On Wednesday morning, the worst thing Justin Trudeau had to deal with was getting panned for a less-than-great interview with Hasan Minhaj.
But by day’s end, an aggressive interview by the U.S. comedian was the least of the prime minister’s concerns. Justice David Stratas had seen to that.
Stratas, of the Federal Court of Appeal, has decided to allow six of 12 motions for judicial review of the federal government’s second approval of the bitterly controversial Trans Mountain pipeline expansion. The expansion would triple the pipeline’s capacity, bringing Alberta energy to the B.C. coast for export abroad. This is more than just an economic necessity for Alberta’s economy, a way of getting around the supply constraints that are depressing its oil sector. It is increasingly a national unity issue. Alberta premier Jason Kenney has warned in blunt terms that his population is fed up with a federation that cannot build essential infrastructure that it has repeatedly signed off on. We should take him at his word.
Stratas’s ruling is undeniably a setback to the expansion of Trans Mountain, where construction work had finally been getting underway. But it’s a fascinating ruling — and a close read offers some hope that the setback will be brief. But not brief enough, in all likelihood, to do the Liberals much good.
Stratas has permitted the half-dozen motions only on very narrow grounds and struck down a broad swath of others in their totality. He rejects entirely the notion that the federal government’s purchase of the pipeline puts them in a conflict of interest. “The Governor in Council is not the Government of Canada,” he wrote. “The Governor in Council, the decision-maker here, does not own the project.” Bam. Done.
Stratas also entirely dismisses appeals made on environmental grounds. “The Governor in Council found that compelling public interest considerations clearly outweighed the adverse environmental effects. The decisive and emphatic nature of (that finding) leads inexorably to the conclusion (that) the Governor in Council would still conclude the project is, on balance, in the public interest and would still approve it.” A series of miscellaneous objections, Stratas notes, have already been addressed in the pipeline’s favour and will not be relitigated.
But there are the six motions he allowed, of course. And this is where things start to become awkward for the prime minister.
Every party will benefit from this, with the exception of the incumbent
Stratas allowed the motions on the narrow grounds that it is arguable that mandated requirements for Indigenous consultation still have not been met. Stratas grants that there was additional consultation, notes that Indigenous groups deemed it insufficient, and, critically, notes further that the federal government took no position at all. While Indigenous and First Nations groups filed objections to the new consultation process “consisting of many thousands of detailed pages,” the federal government, “including the Attorney General of Canada representing the Government of Canada, took no position for or against” the motions. “The respondents did state that if leave were granted and applications for judicial review were brought they would support the Governor in Council’s decision and oppose the applicants,” Stratas said. “But on the leave motions they offered no submissions or evidence to assist the Court.”

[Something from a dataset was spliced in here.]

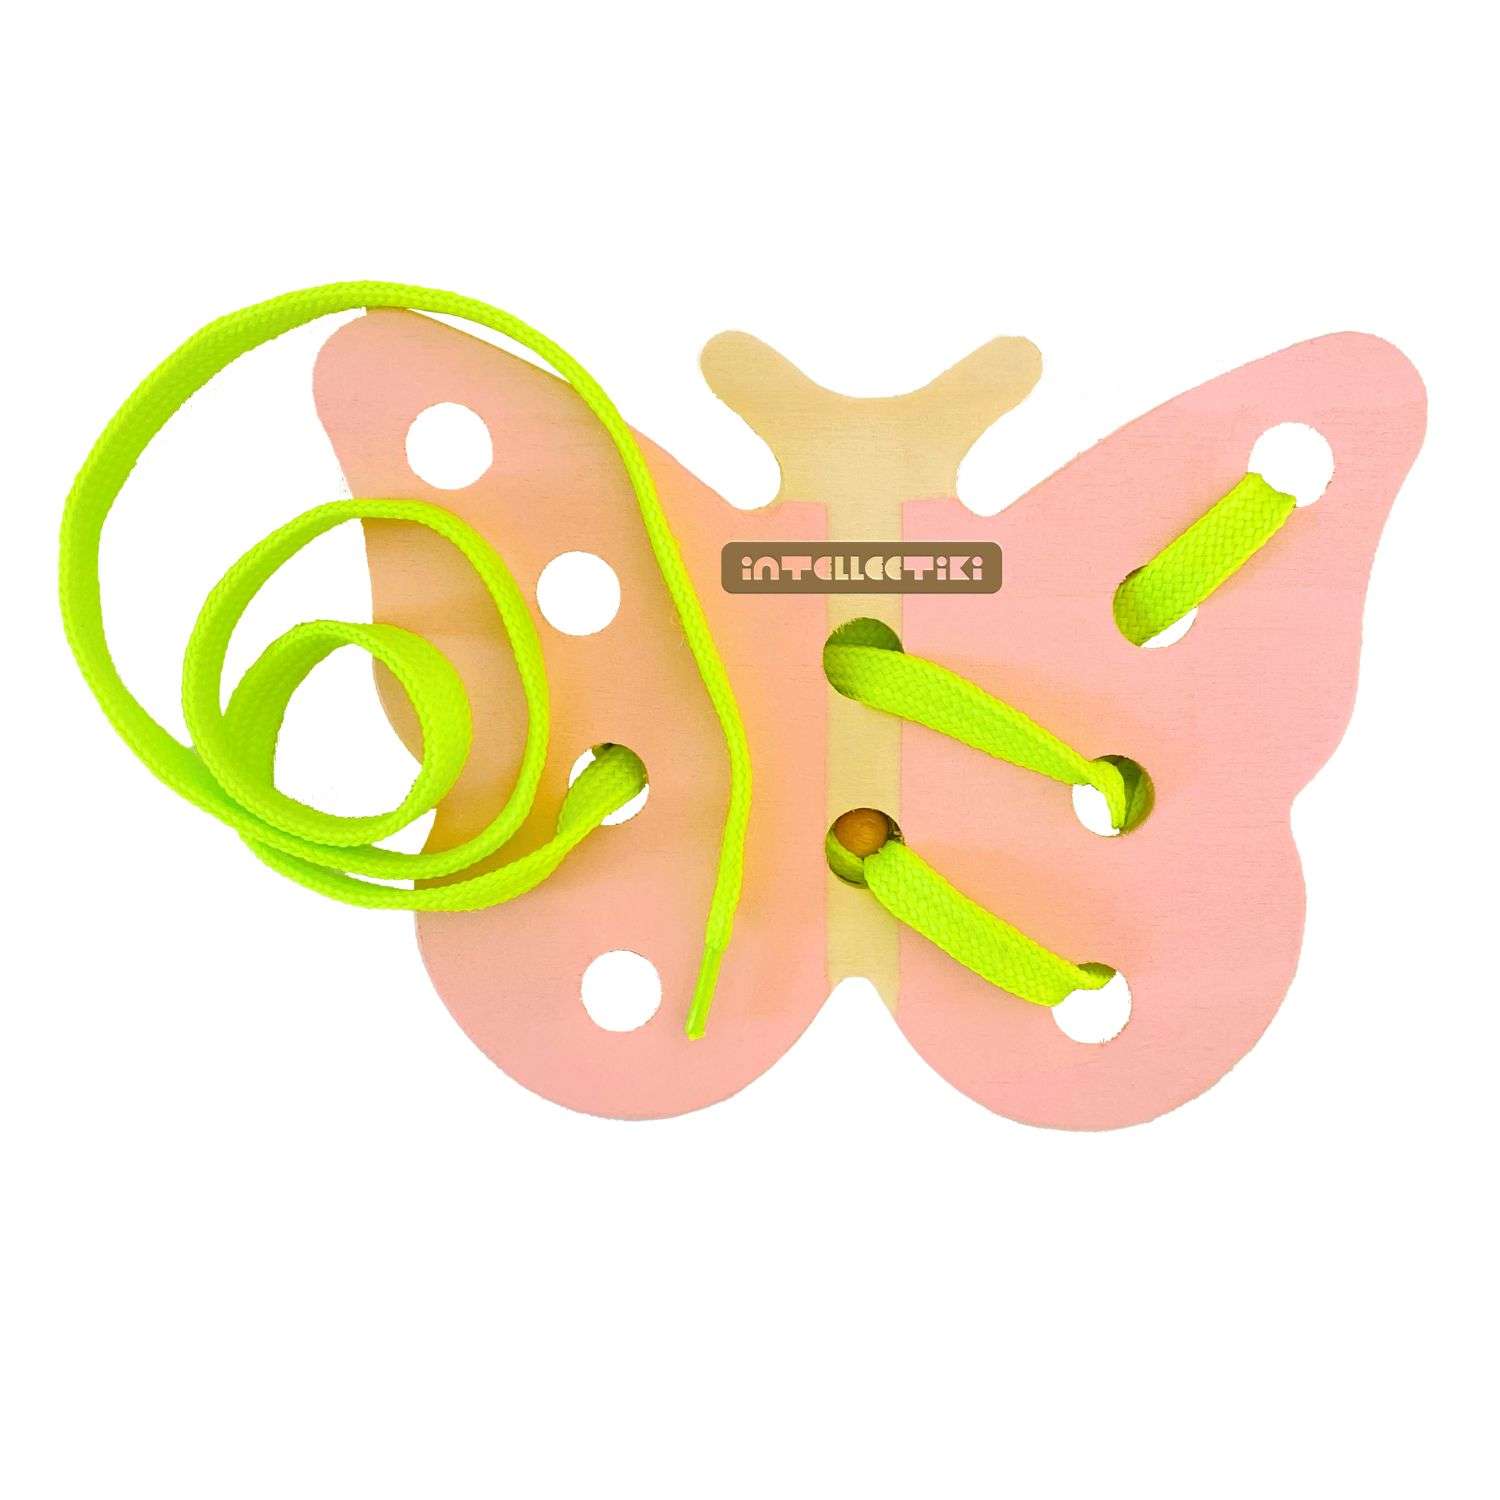 Шнуровка монтессори Intellectiki Бабочка - игрушка развивающая для детей из дерева - фото 1

I’m no lawyer. But it’s hard to read that as anything else than Stratas saying, in an adversarial system, when one side doesn’t show up, the other gets to have their say.
So there will be reviews. Stratas has ordered that they be narrowly focused on the specific issue of whether the new consultations were sufficient, and wants the review completed “very quickly,” citing “substantial public interest” in a rapid conclusion. “Very quickly,” of course, is obviously relative — we’re talking about Canadian courts here. But it’s conceivable that the reviews could be wrapped up in a matter of months. Before the end of the year, perhaps.
It is increasingly a national unity issue
If that’s the case, and the pipeline gets built, Wednesday’s ruling is a bump in an already rocky road. But the matter is not likely to be settled in the next seven weeks. And that means the Liberals are going into the next campaign with this issue once again at top of mind.
What will the Liberal message be for those seven weeks? There has never been a Liberal position on Trans Mountain that’s even remotely coherent. The strongest signal they’ve sent is obviously buying it — but then they don’t bother arguing against its opponents? The Tories are going to spend the next seven weeks raining (hopefully metaphorical) artillery down on the Liberals on this, asking why the government spent billions buying a pipeline they didn’t bother to show up and advocate for in court. And anything the Liberals say will just give the NDP and the Greens an opportunity to remind the left that Trudeau is building an oil pipeline.
Pipeline issues were always going to be an issue in this campaign. But now it’s a live issue again. Every party will benefit from this, with the exception of the incumbents. And they seem to have done little to prevent that from happening.
It’s baffling, but it’s what happened. Trans Mountain is front and centre. With the election now just weeks away.